[NCLUG] SpamAssassin Testimonials?

Mon Jul 21 22:59:02 MDT 2003

Sean Reifschneider wrote:
> I just added a front-end to SpamAssassin to help with blocking spam.  I
> had my threshold cranked up to 6.5 so that fewer legitimate messages get
> caught.  However, lately I've been getting about 30 message a day that
> get past SpamAssassin (out of about 300 I get a day).

That is not surprising given your higher threshold.  And unfortunately
it is true that there is not any more than one size available for SA
and it is not a one size fits all.  You might need to adjust the rules
for you and run your own mass checks across your own corpus of spam
and non-spam.  I wish that were easier than it is.  And of course the
SA folks are hoping the Bayesian Inferencing engine will compensate
here.  I am less confident in the current Bayes implementation.

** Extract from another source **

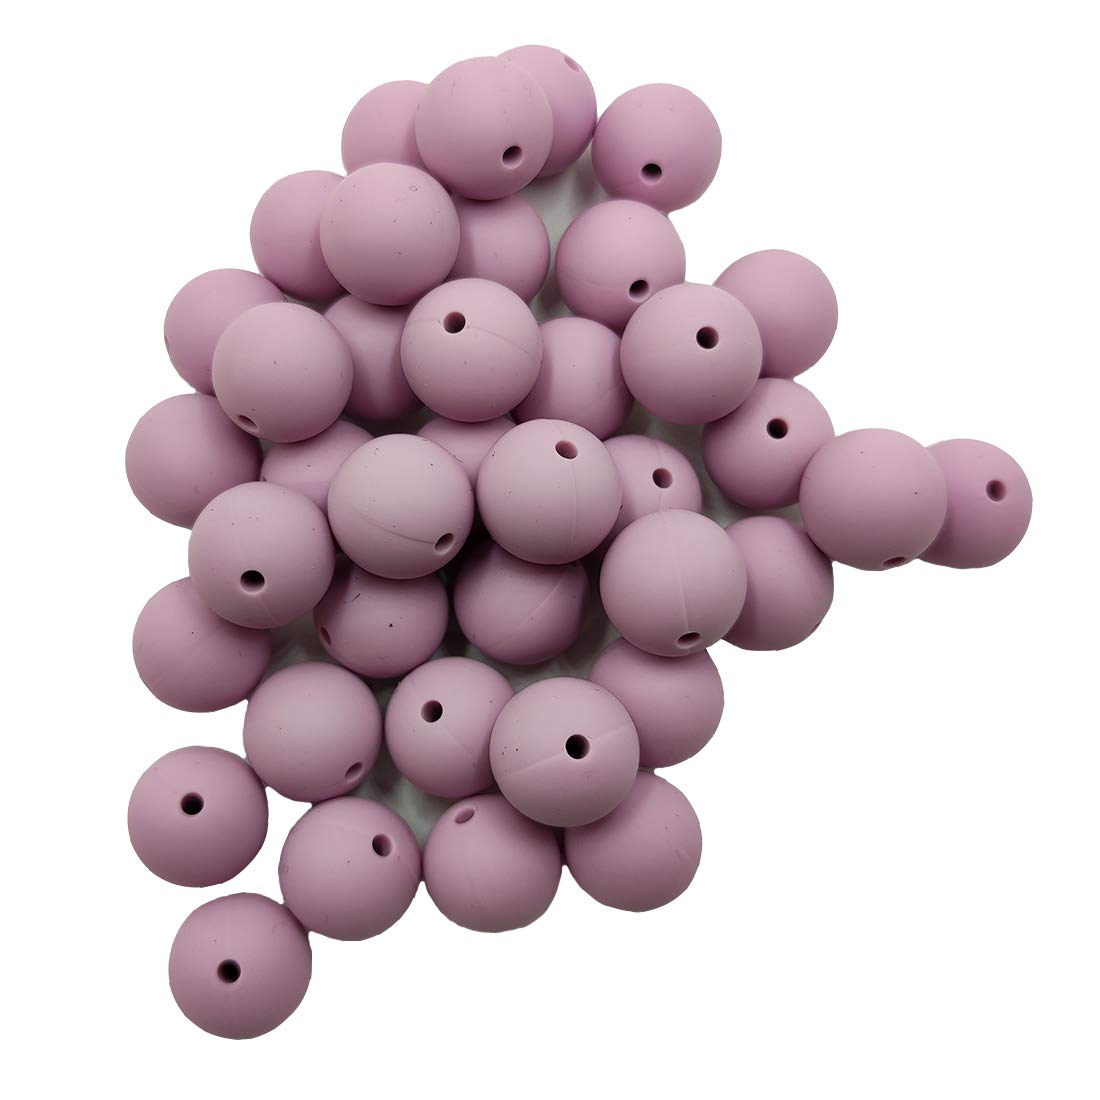 15mm Purple Silicone Beads, Silicone Beads in Bulk, 15mm Silicone

[Sean of course knows this and is making a compromise.  But for those
on the list which might not and are trying to decide if they should
use SA or not, SA is tuned so that messages tagged with 4.9 or less
are not spam and 5.0 or more are expected to be spam.  It uses a
learning algorithm across a large corpus of past spam/non-spam.  It
churns and learns and adjusts the scores given to indicators in the
message until non-spam scores less than 5 and spam scores 5 or higher.
That particular value is a magical value because the learning
algorithm was trained for it.  Other values not magic.  And it is not
linear.  Therefore changing the threshold can cause disproportionate
changes in the amount of spam or the amount of non-spam which is
tagged.]

> Today I worked on building and setting up a system that will do TMDA
> sorts of things with mail marked as spam.  After some testing, I plan to
> crank the threshold down to around 4.

I would still stick with 5 but I would also engage the Bayesian engine
too.  I get huge amounts of spam as well although not that much,
around 30-50 a day.  But very few are getting past SA.  Around 2-3 a
week.

> The idea is that mail marked as spam will get saved off and a reply sent
> to the sender address with a special key that needs to be used to
> deliver the message through.  The sender can then send another message
> to a special address to unlock their original message and let it
> through.

This really has an attraction to it.  I am interested in your
experience with it.  After you have some usage I hope you will report
back to the list.

> So, this is kind of the best of both worlds...  Mail that isn't spammy
> goes right through, but mail that is caught can be acked by the sender
> to allow it through.

Unfortunately there is a worst of both worlds factor as well.  a) TMDA
really has an annoyance factor.  Many on the net are vocal about this.
b) If you get email from your stock broker or an automated account it
will never be acked.  c) This tends to interact badly with mailing
lists (seen it several times now) so you need to make sure they are
whitelisted appropriately which is tedious up front work. d) TMDA
recognizes itself and won't have a problem if you are starting contact
with another TMDA user.  But TMDA can't possibly recognize all
possible competing TMDA implementations and there is no standard.  e)
by replying (with a tmda confirmation) the ack will most likely be
undeliverable and will add to the mail congestion.  f) If the reply
works then you are likely to get on more spam lists.

Of these b) is probably the most serious.  There will be times when
you need to accept an email from your grandmother even though it looks
like spam and you won't be able to convince them to ack it.  f) may
mean that once commited to TMDA that you can't stop or you will be
getting even more spam afterward.

> Unfortunately, the amount of spam that efm and I get really prevents
> us from combing through the messages marked as spam to find the
> non-spam.

I rarely go through the trash myself.  Only if I think I might have
something there do I browse it.  I have been fortunate that my false
positive rate has been extremely low.  Only people who rudely sent me
HTML mail have been in that list.  (Web pages were not meant to be
used as email.  Obviously I crank up HTML mail as a high spam
indicator.  Which for it is almost always is.  I realize some
non-techies like the flashiness available in html mail.  But I won't
hide my opinion that they are wrong to be using it like that.)

> I had tried to set up TMDA so that it would do this for me, but it
> wasn't really designed to function that way in the environment I'm using
> it in.

This comment leads me to believe you are doing your own TMDA
implementation.  True of false?  Or connecting the well known
http://tmda.net with http://spamassassin.org?

Bob